Social Media: a risk assessment

LinkedIn - customers out


You should always beware of geeks bearing gifts

LinkedIn. Facebook. You’re made to feel you’re missing the boat if you don’t adopt these new wonder drugs. Ignore them at your peril. Embrace them at your peril. The Hobson’s choice is yours. But which is the more dangerous?

There’s only one way to find out: risk assessment.

"‘The big challenge facing companies that embrace social media sites is the protection of their intellectual property," says Mitchell Feldman, sales and marketing director of The Internet Group. Historically, he explains, companies have invested in systems that protect them from data leakage. This could be anything from activity recording, print monitoring, email archiving right through to key logging.
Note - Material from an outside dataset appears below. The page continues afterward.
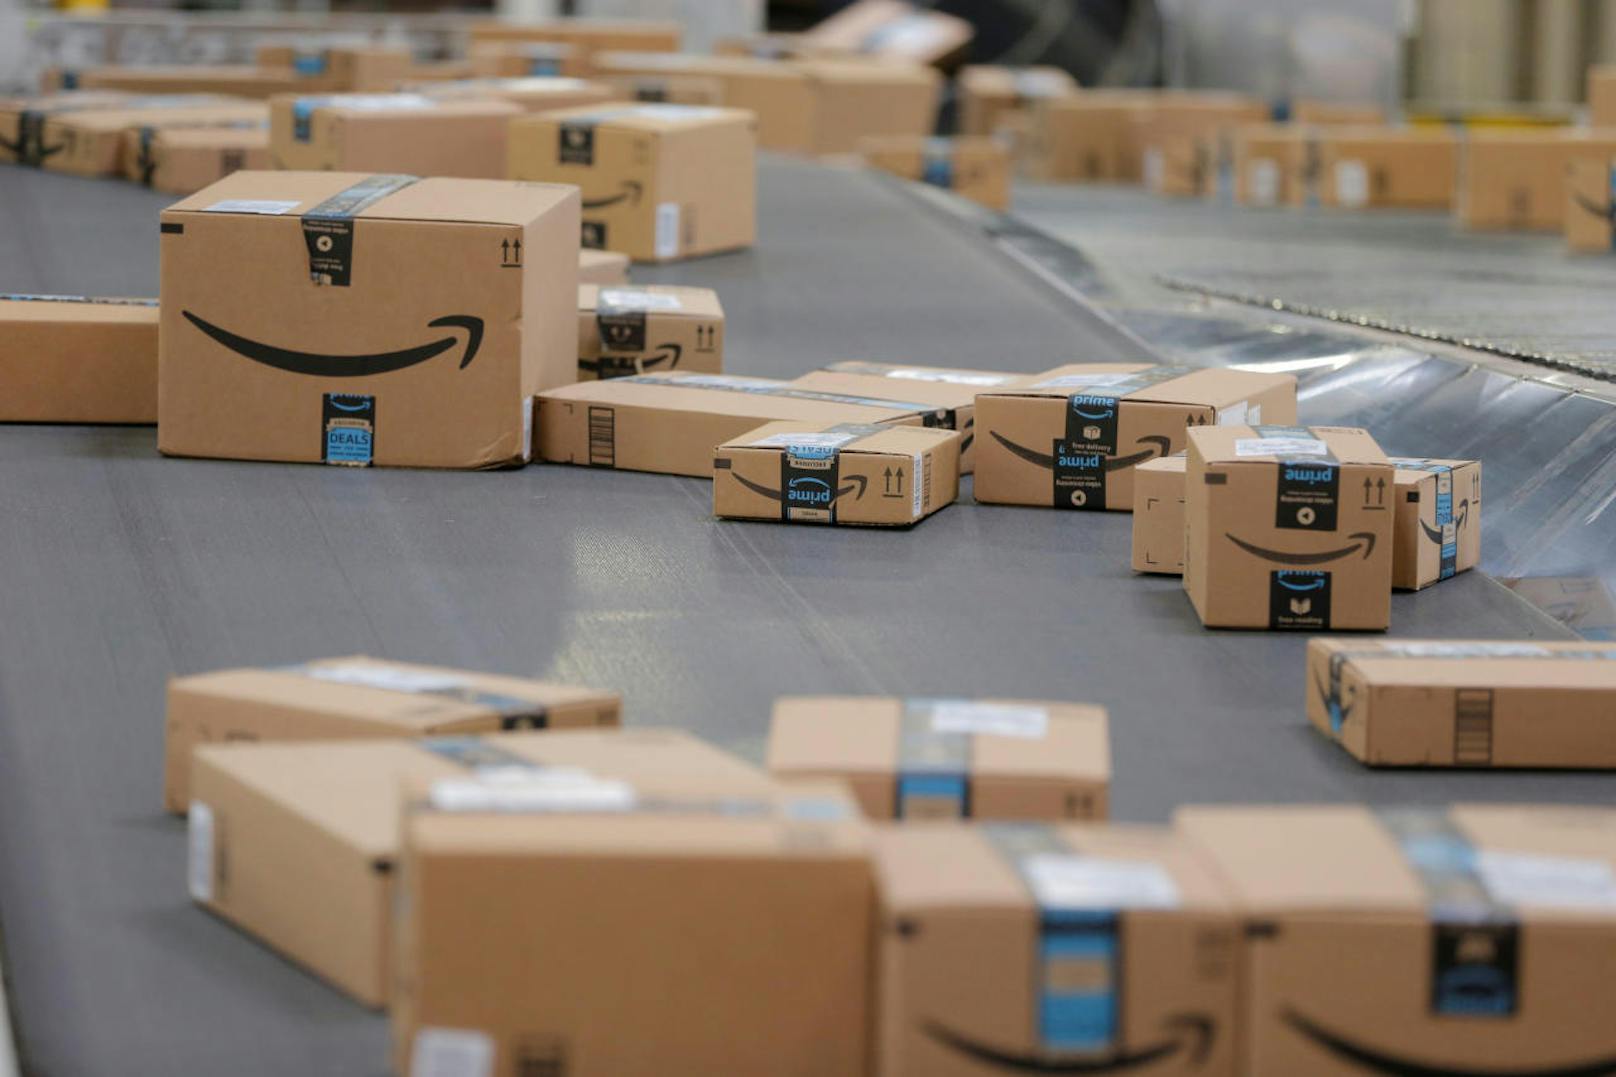 Amazon bestreitet die Vorwürfe nicht, betont aber, dass die Verbesserung von Prozessen hohen Stellenwert für das Unternehmen habe.

There’s a problem though. Enterprises are discovering a new enemy. Worse still, it’s one they’d originally imagined was their friend. In The Art of War, generals are advised, keep your friends close, and your enemies closer. But somehow, this doesn’t seem right.

Feldman explains how companies have lost the plot. “Sites like Linkedin are great for business and most business owners encourage their client facing staff to interact with their clients and prospects through this medium,” he says. It has caught on because it is regarded as socially acceptable and less intrusive than a direct email.

But increasingly often, when a staff member leaves a company, they leave with their Linkedin account and full access to the clients they had worked with. This means they no longer have to try and steal client databases. ‘They have their own online and legal version of your client database already,’ says Feldman.

Typically, when people leave companies they do not update their working status, says Feldman. So they claim they still work for The Hambleton Group, and then approach the clients under this guise. Poor old Hambleton is left powerless as he doesn’t own the Linkedin account. “Linkedin needs to have a feature so the owner of the business can update a users record by saying ‘no longer employed’,” says Feldman. “This would make life much fairer for the employer and make Linkedin more accurate.”

Sites like Facebook where companies have fan pages are typically populated with clients and partners alike. This is a potential opportunity for a previous employee or even a competitor to attack their client base. Clearly this is highly undesirable to any company.

The third problem is keeping all these social sites up to date. It is now a full time job for larger firms to keep these well administered.
Feldman says user leaving forms now need to be updated with the following items:
Remove user from Facebook Group
Remove user from Linkedin Group
Remove users as follower of Twitter

“Social media sites are great but need to be treated with absolute care or they will come back and bite you!” he says.

Social media is a gift. But to paraphrase the advice given by the Trojans: beware geeks bearing gifts.